- _Exercise_
What you return should be the full listing, word for word, without a single image.

- _Exercise data_
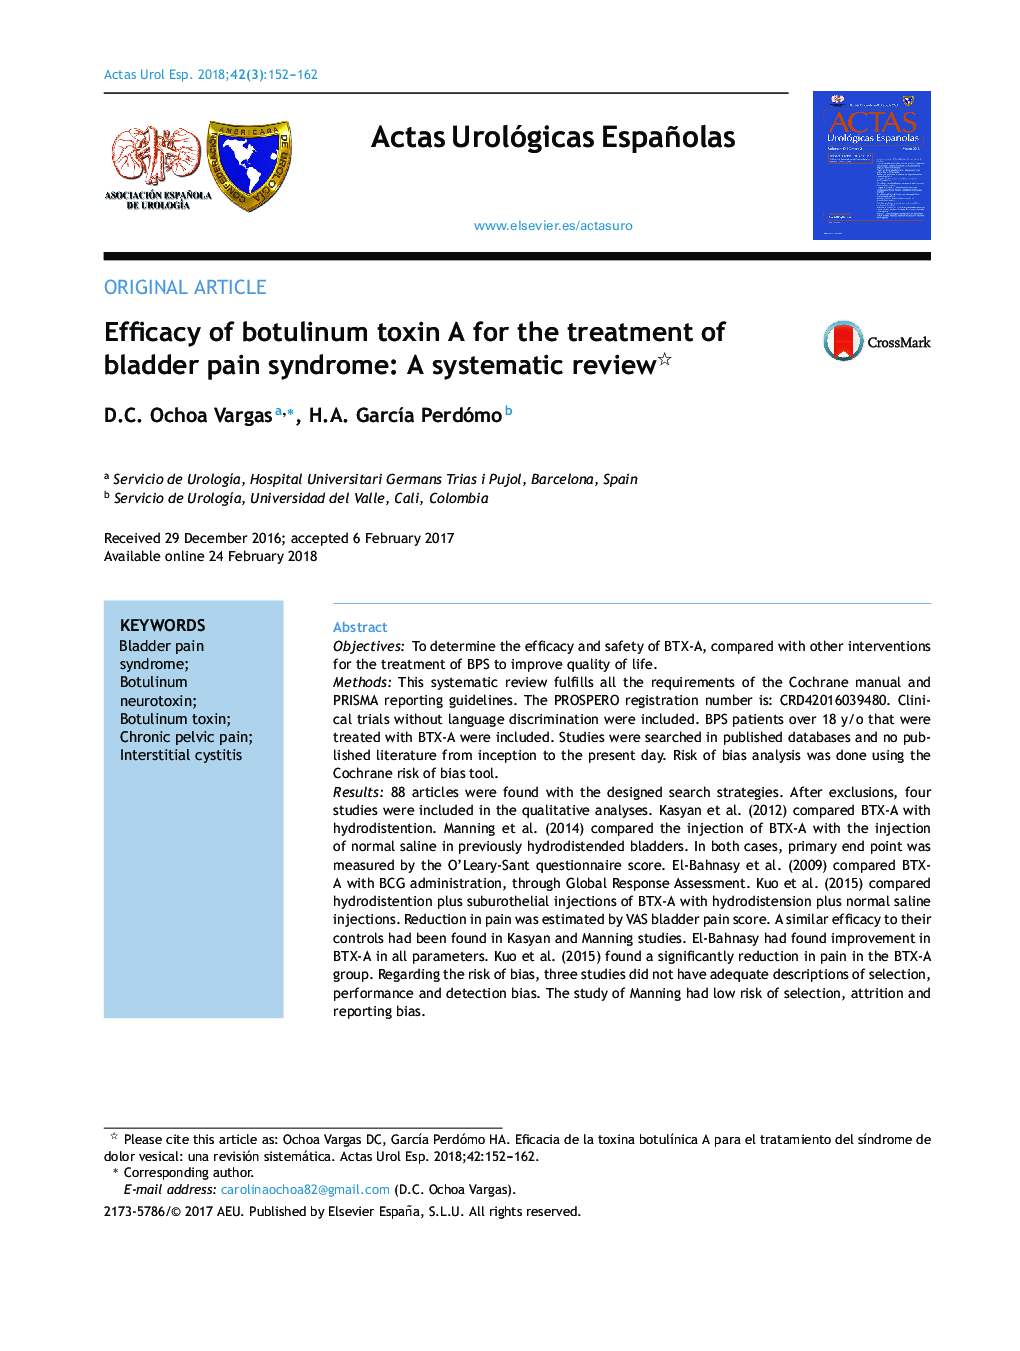 اثربخشی سم بوتولینوم برای درمان سندرم درد مثانه: بررسی سیستماتیک 
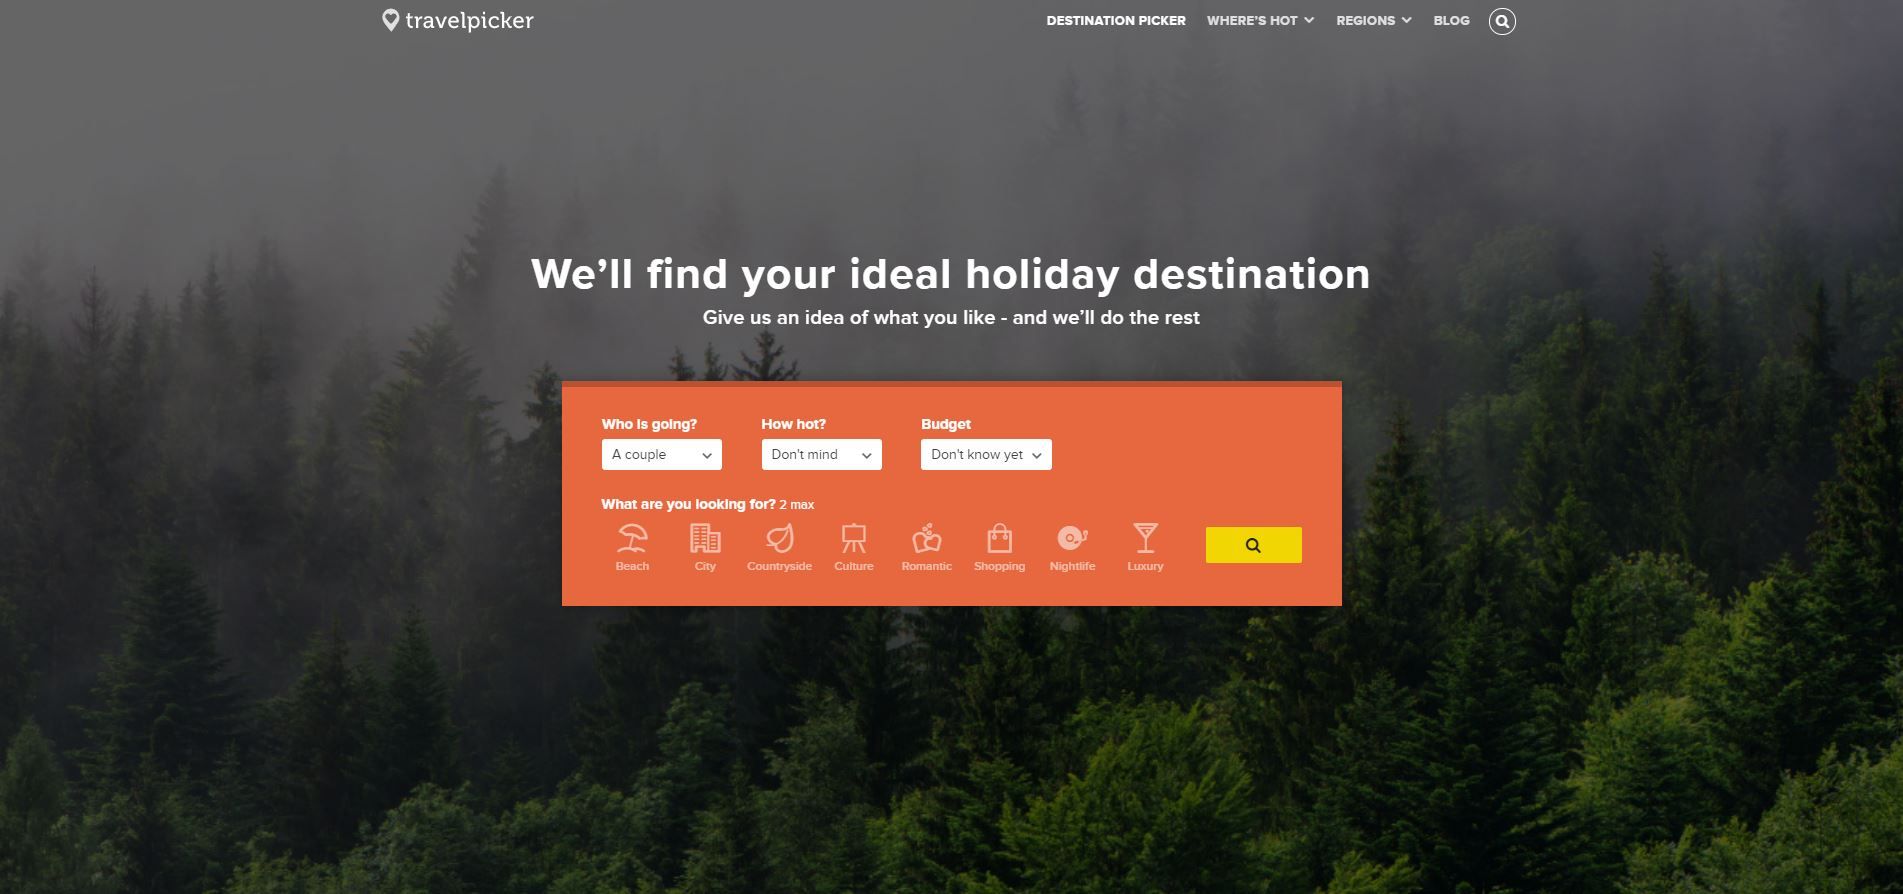 Die 7 besten Websites, um zufällige Reiseziele für Ausflüge auszuwählen - Travelpicker
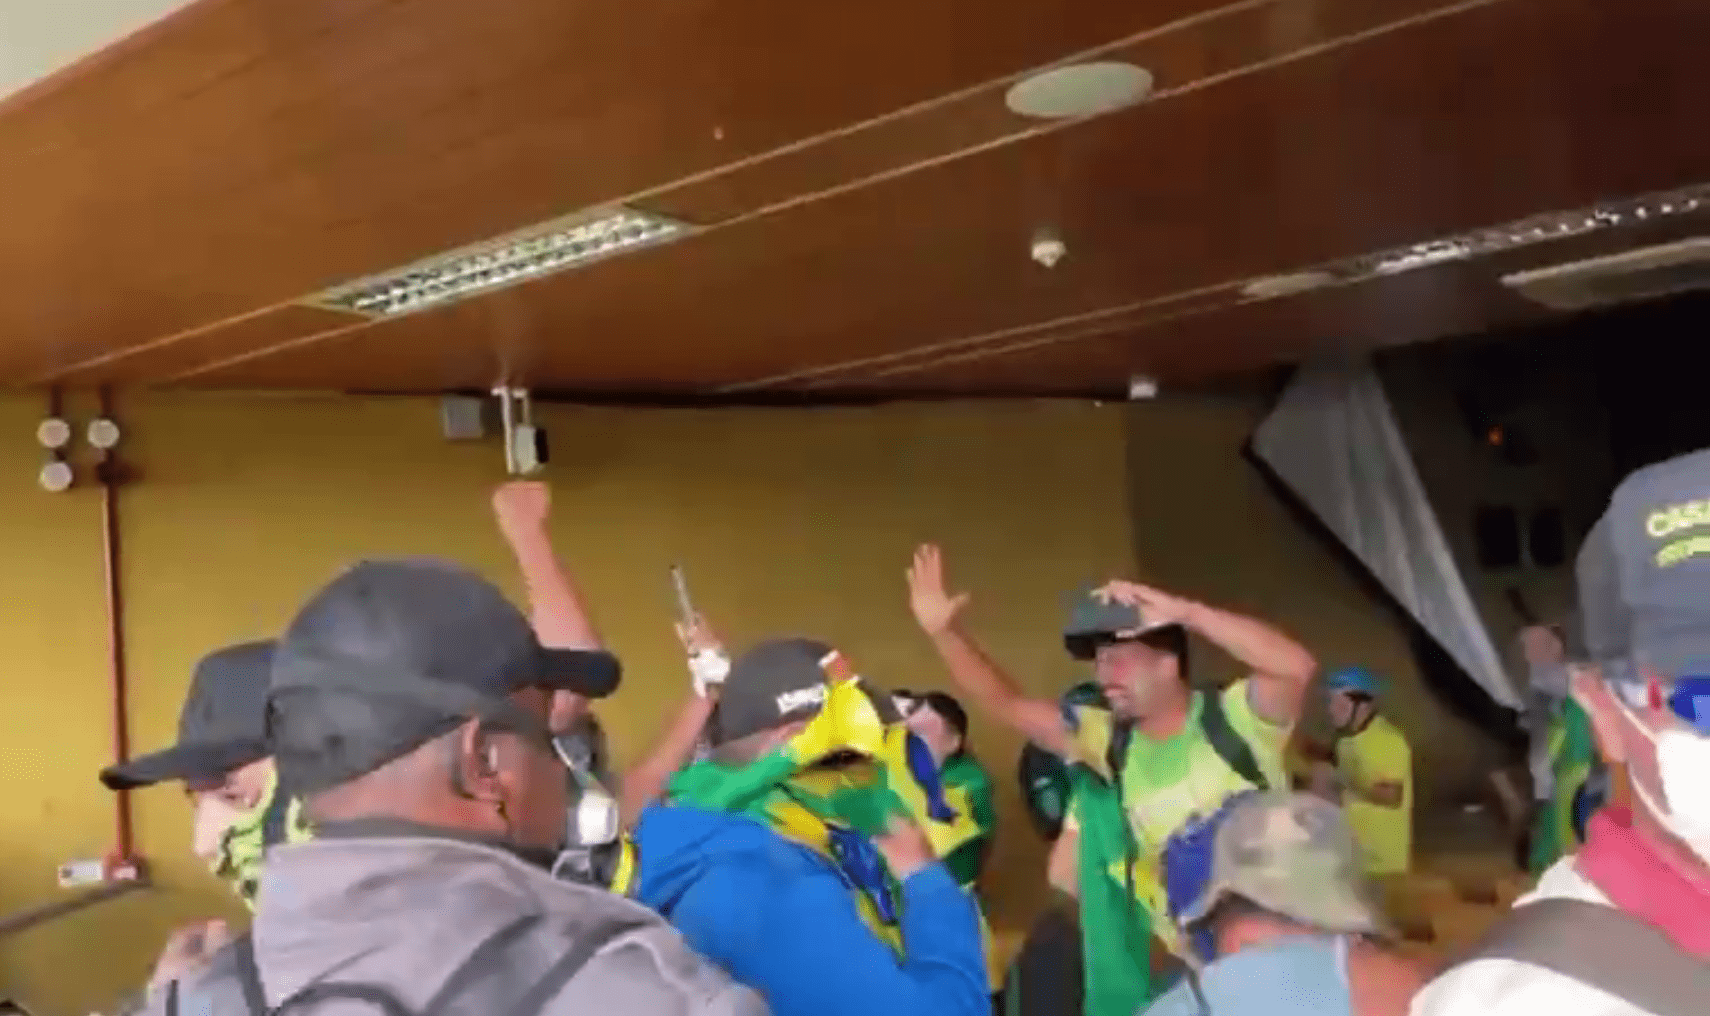 Режим чрезвычайной ситуации объявили в столице Бразилии из-за массовых беспорядков
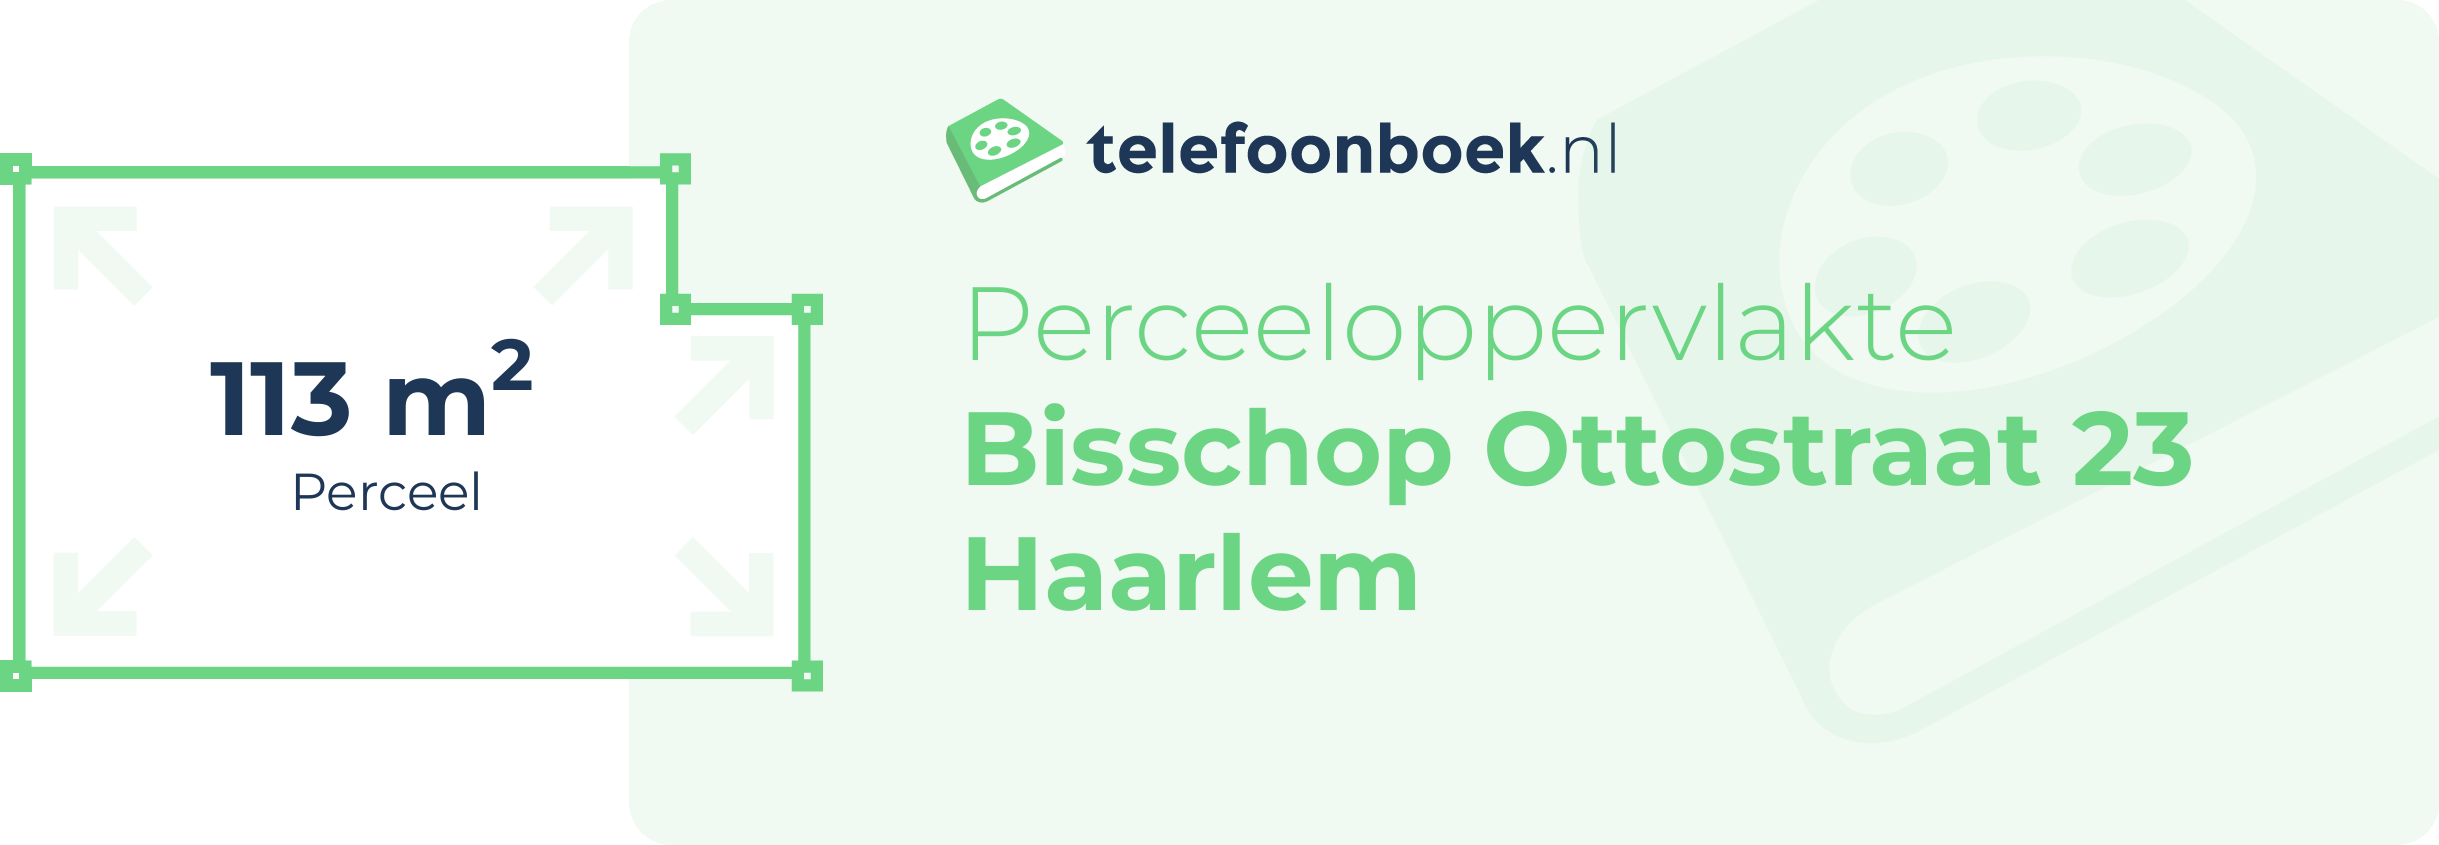 Perceeloppervlakte Bisschop Ottostraat 23 Haarlem

- _Output of the exercise_
 اثربخشی سم بوتولینوم برای درمان سندرم درد مثانه: بررسی سیستماتیک 
 Die 7 besten Websites, um zufällige Reiseziele für Ausflüge auszuwählen - Travelpicker
 Режим чрезвычайной ситуации объявили в столице Бразилии из-за массовых беспорядков
 Perceeloppervlakte Bisschop Ottostraat 23 Haarlem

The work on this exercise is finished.